The Daily Telegraph (London) |

by Rosa Prince and Martin Beckford PLANS to legalise abortion in Northern Ireland have been shelved by MPs after they were warned that the move could undermine the fragile peace process. A pro-choice group in the Commons had been preparing to table an amendment to the forthcoming Embryology Bill to introduce legal terminations to Northern Ireland, the only part of the UK where the procedure remains illegal. However, ministers have privately warned Labour MPs that, with the Stormont executive close to collapse, any move on abortion could tip Northern Ireland’s politicians into withdrawing from negotiations. The MPs still propose to push ahead with separate plans to make access to abortion easier in the rest of the country by removing the requirement for two doctors’ signatures and allowing nurses to carry out early-stage terminations.

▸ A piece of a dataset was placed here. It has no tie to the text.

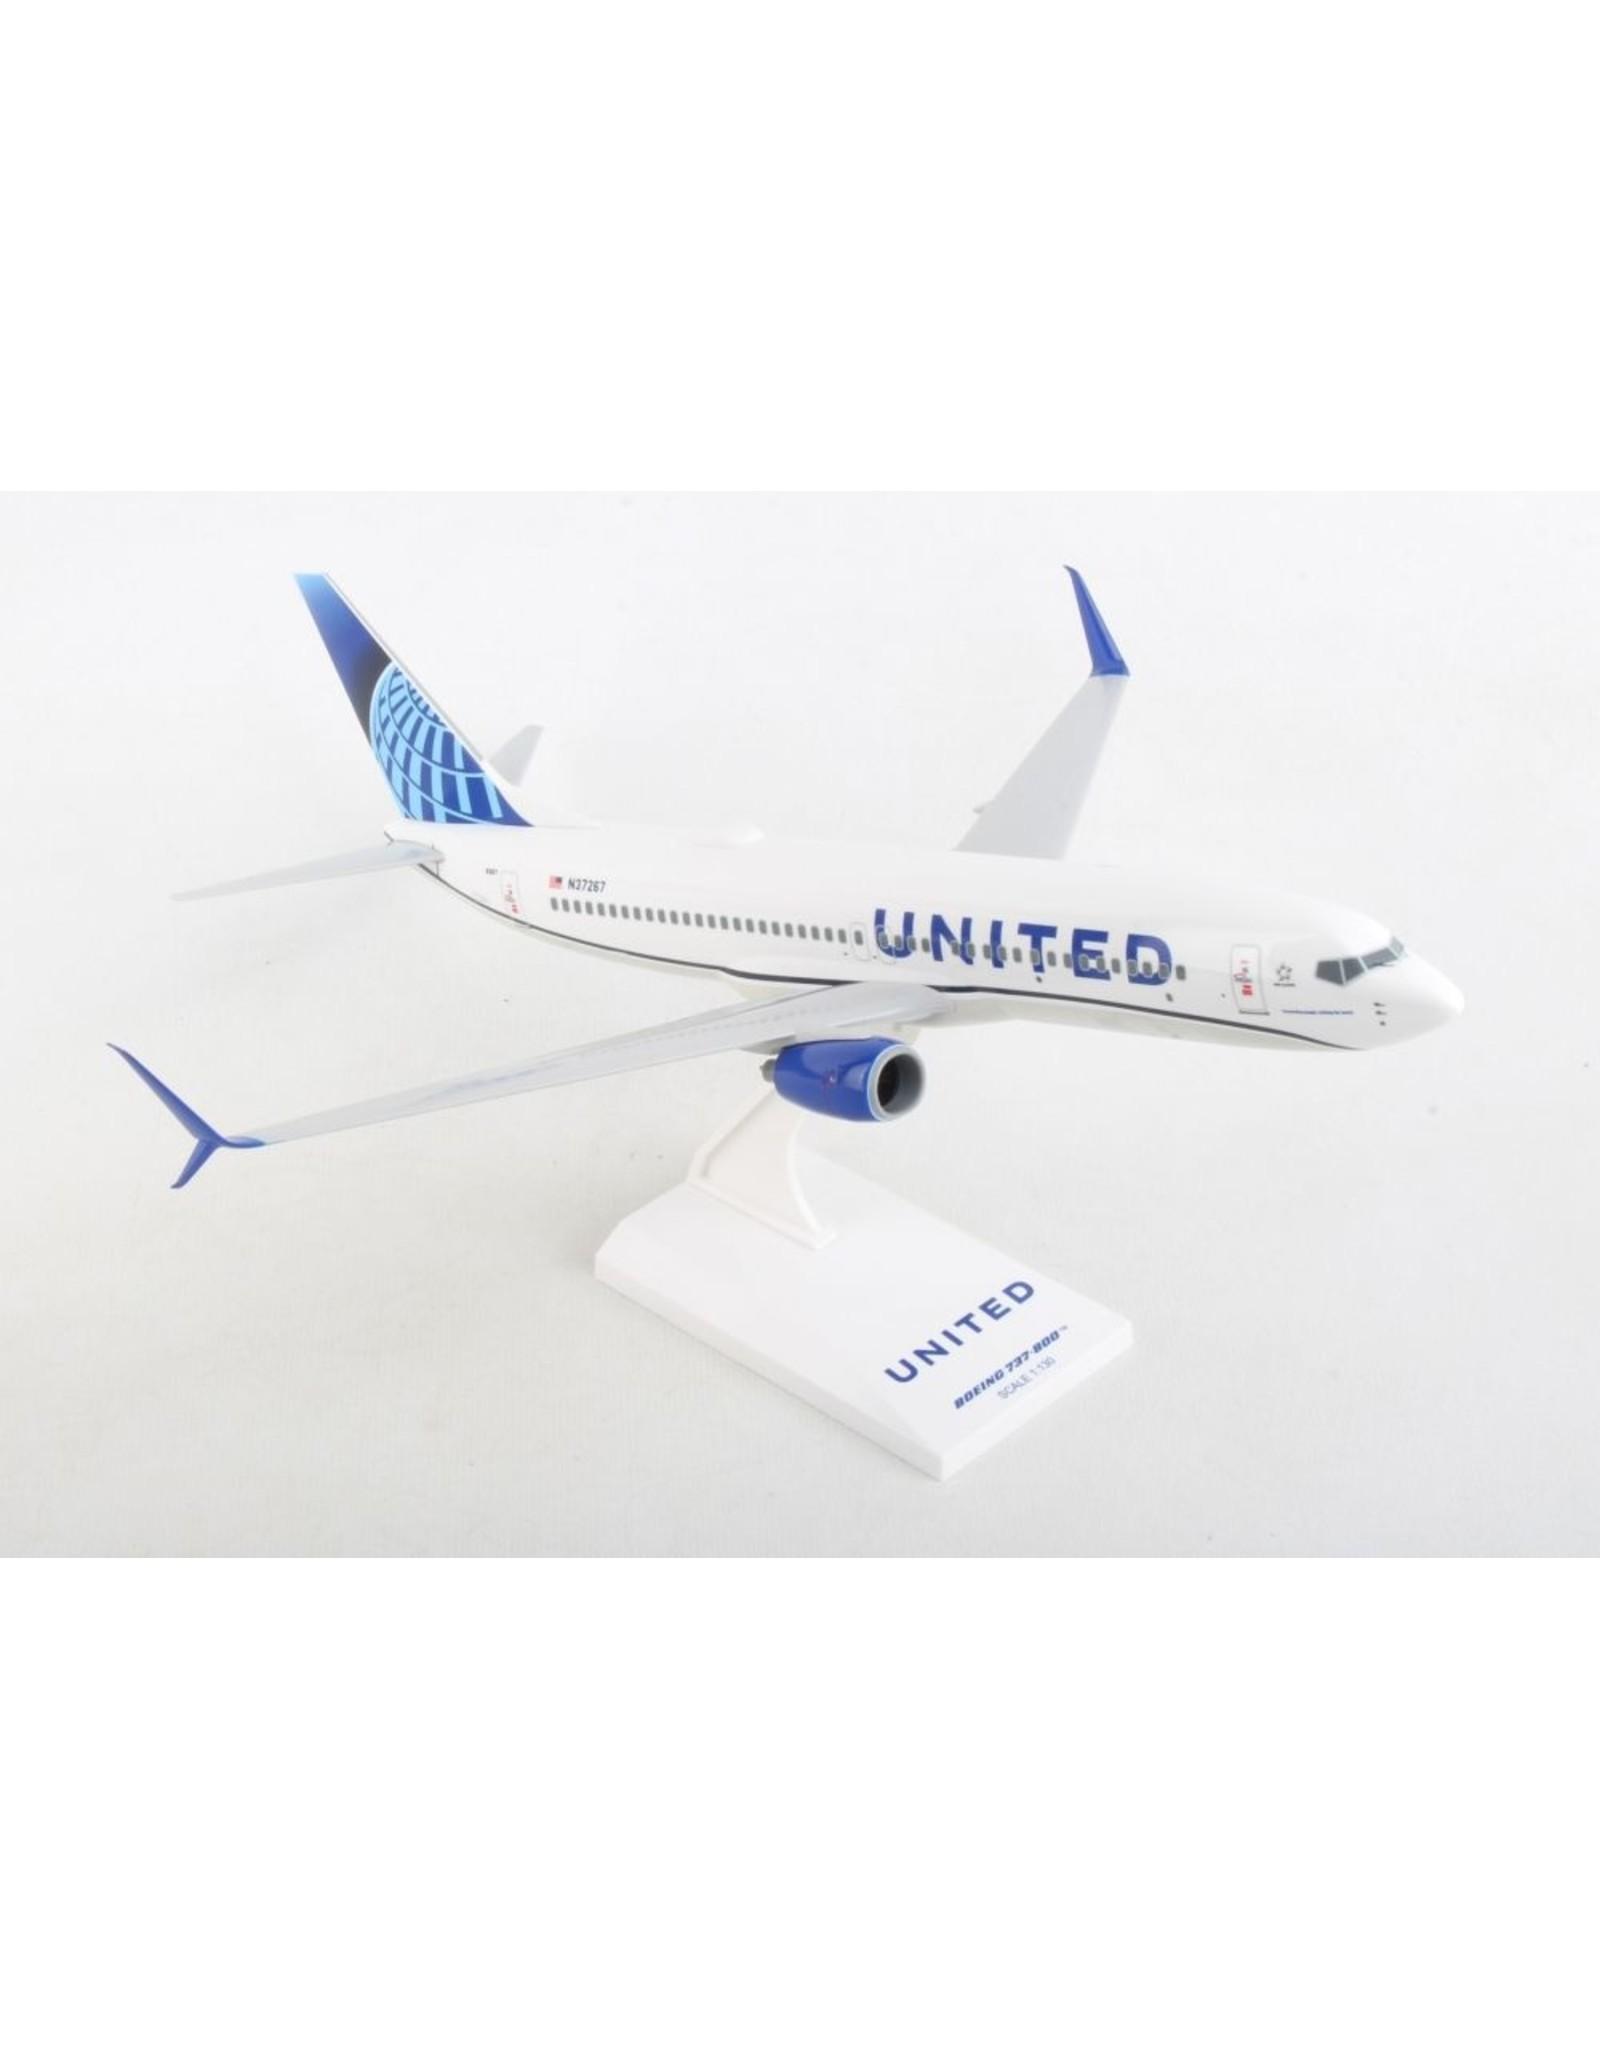 Skymarks Skymarks United 737-800 1/130 new

This is certain to lead to clashes in the House of Commons, where pro-life MPs are equally determined to block them. The Human Fertilisation and Embryology Bill, which also includes measures allowing embryo research, has already been the cause of some of the most heated exchanges in Parliament in recent years. It had been due to clear the Commons in July, but was suddenly halted on the intervention of Harriet Harman, the Leader of the House, who was said to be keen to see the Northern Ireland amendment pass and wanted more time to drum up support for it. Pro-choice MPs had been confident of success when the Bill returns to the Commons at the end of the month, particularly given the departure from the Cabinet of Ruth Kelly, the former transport secretary. As a committed Catholic, she had forced Gordon Brown to allow ministers an unusual free vote when it was last debated. In recent days, however, the Ulster political situation has deteriorated, with the Executive failing to meet as scheduled as a result of a disagreement between Unionists and republicans over the devolution of policing and justice. Abortion is one area where Northern Ireland’s politicians largely agree – with both Sinn Fein and the Democratic Unionist Party opposed to legalisation. About 1,400 girls and women travel to the British mainland from the province each year to have a termination. The 1967 Act that legalised abortion in Britain was never extended to Northern Ireland.